_SUPPLIED DATA_:
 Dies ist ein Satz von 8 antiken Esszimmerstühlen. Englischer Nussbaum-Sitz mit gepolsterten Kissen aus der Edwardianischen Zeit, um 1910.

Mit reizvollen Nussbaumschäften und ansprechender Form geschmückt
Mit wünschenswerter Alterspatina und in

==

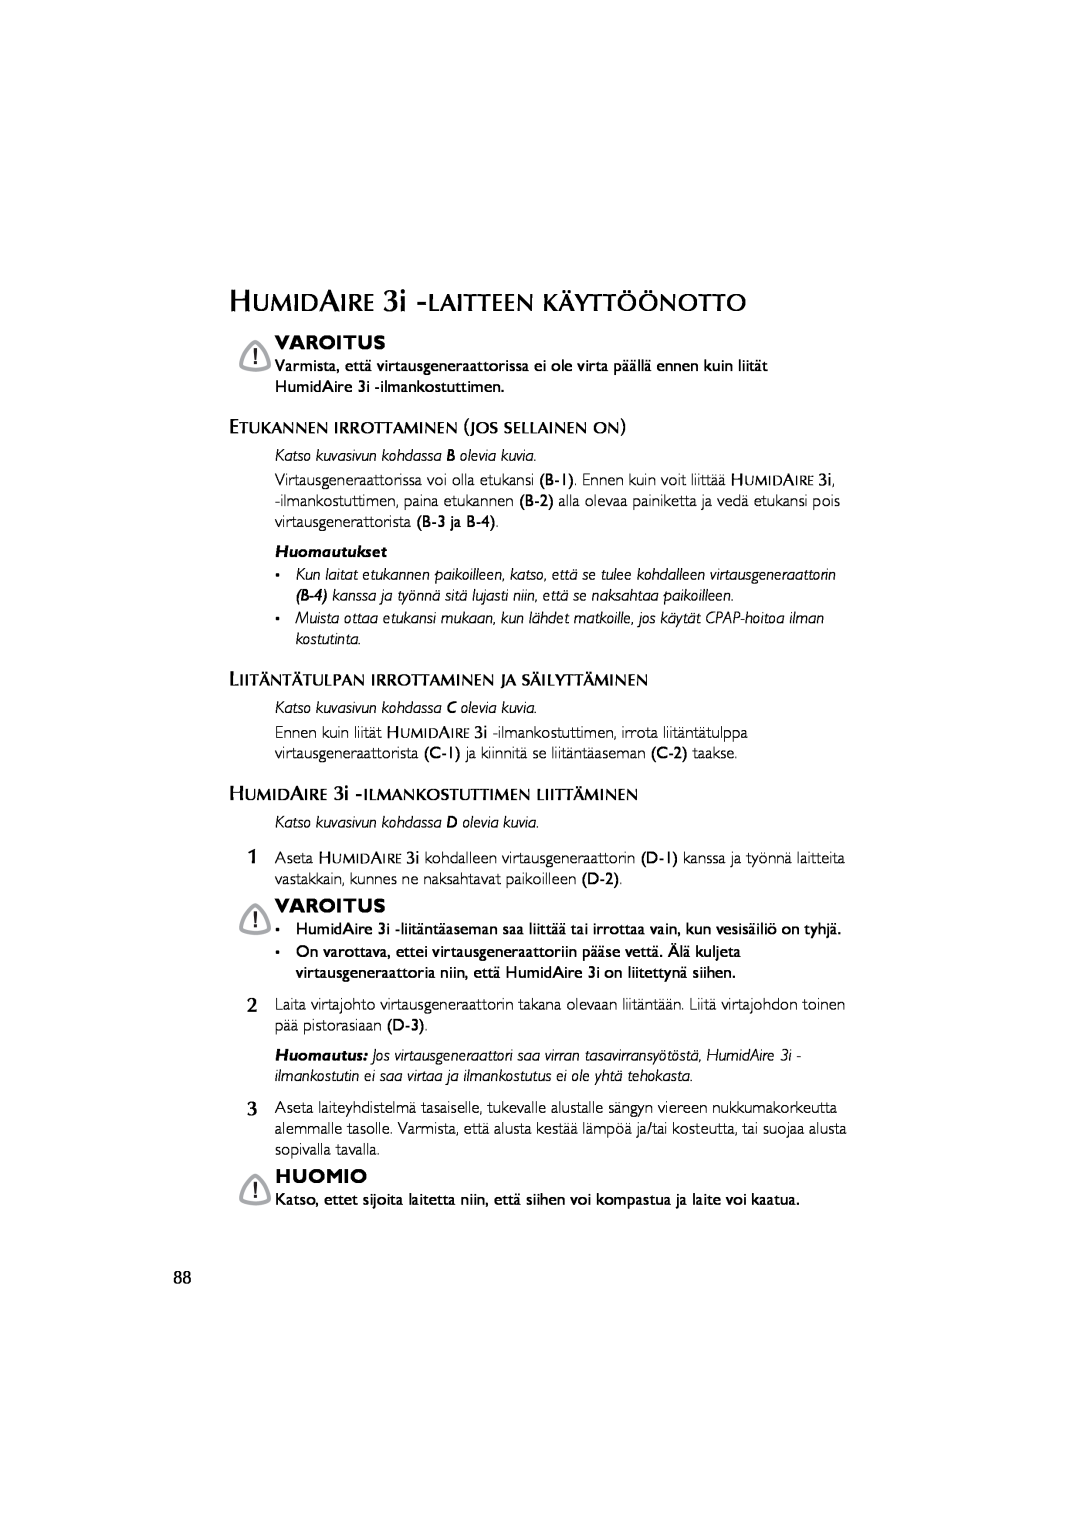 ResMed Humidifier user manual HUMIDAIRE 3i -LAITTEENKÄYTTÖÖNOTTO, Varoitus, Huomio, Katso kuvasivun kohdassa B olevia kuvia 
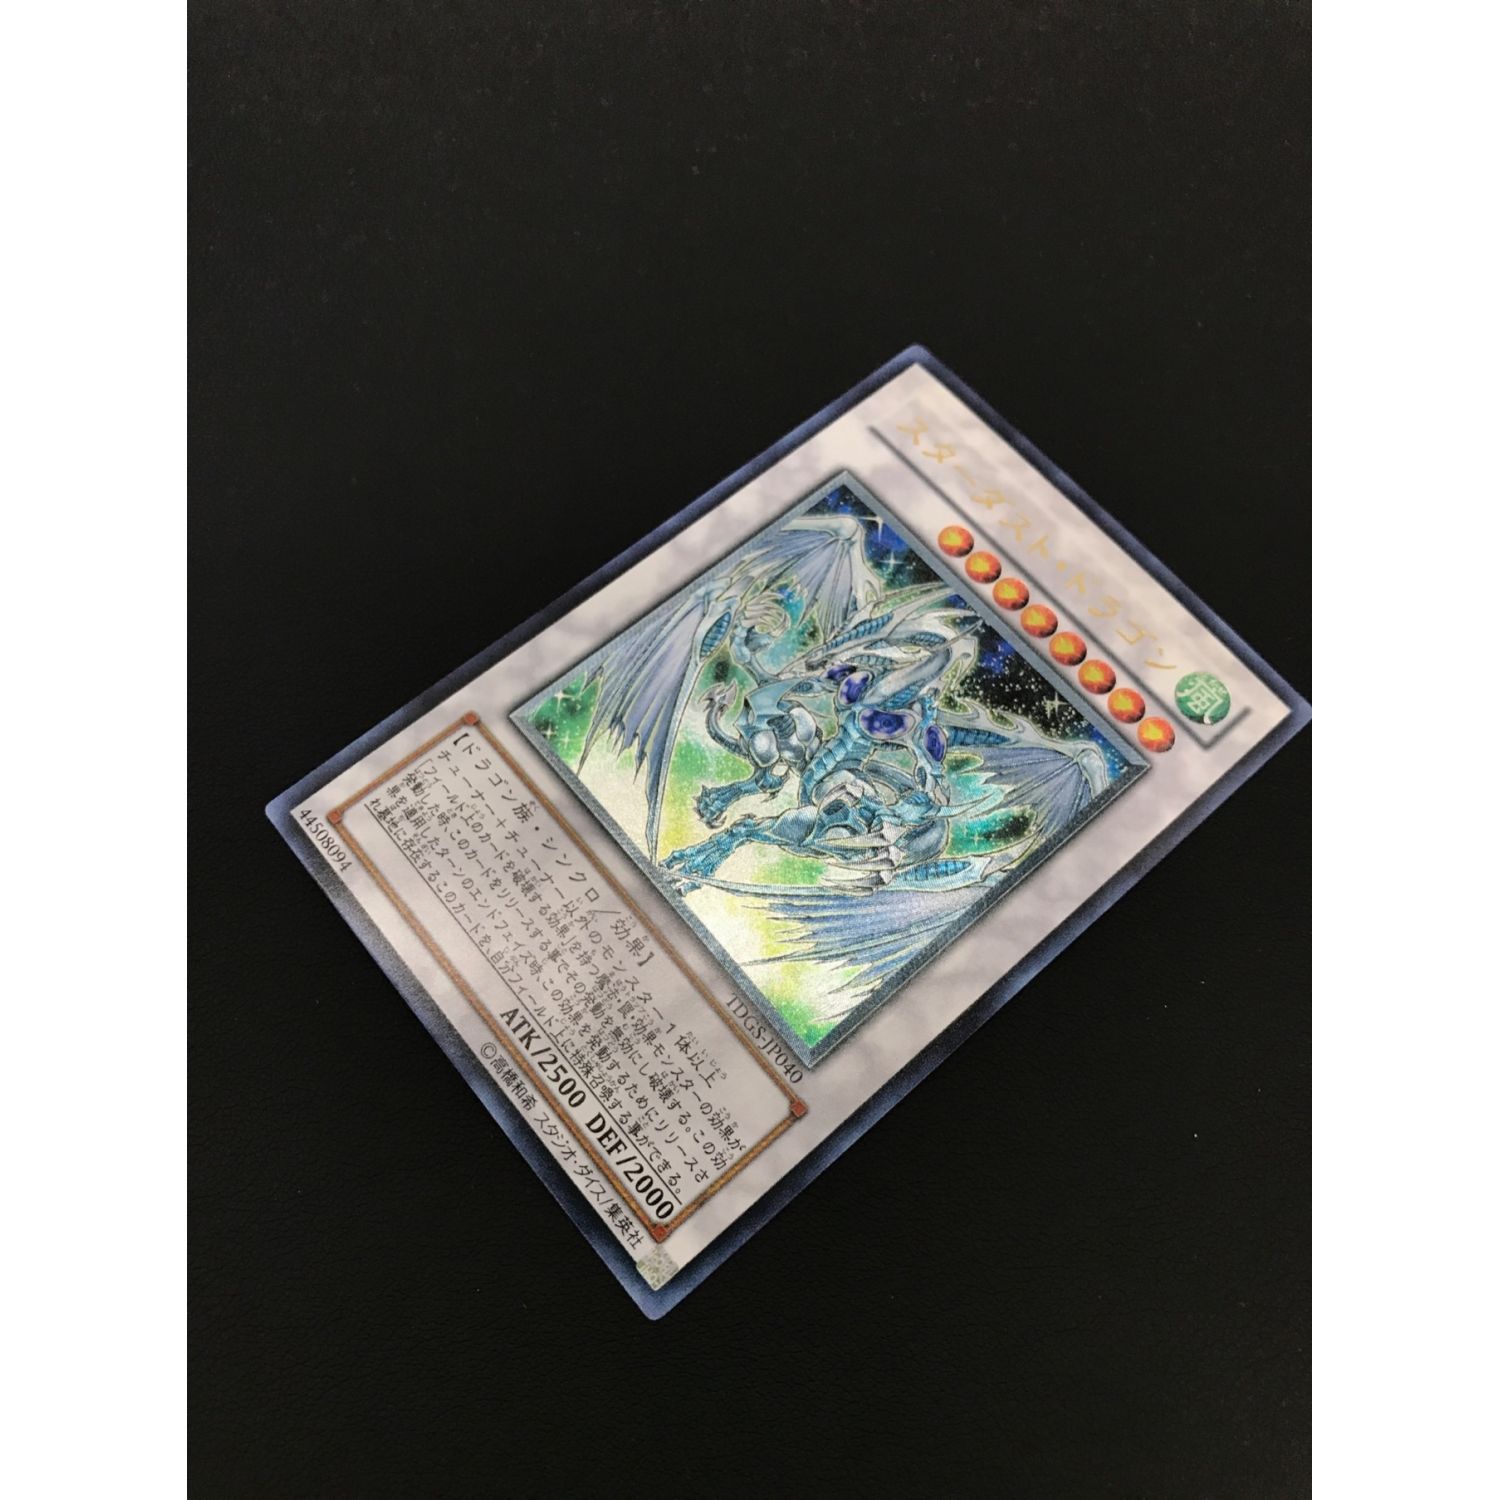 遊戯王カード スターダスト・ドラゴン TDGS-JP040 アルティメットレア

_TASK DIRECTIONS_: Reproduce the lines of the entries above from the one with "Dies ist ein" to the one with "Mit wünschenswerter Alterspatina und in", both included, exactly and without any other line.

_RESULT FOR THIS TASK_:
 Dies ist ein Satz von 8 antiken Esszimmerstühlen. Englischer Nussbaum-Sitz mit gepolsterten Kissen aus der Edwardianischen Zeit, um 1910.

Mit reizvollen Nussbaumschäften und ansprechender Form geschmückt
Mit wünschenswerter Alterspatina und in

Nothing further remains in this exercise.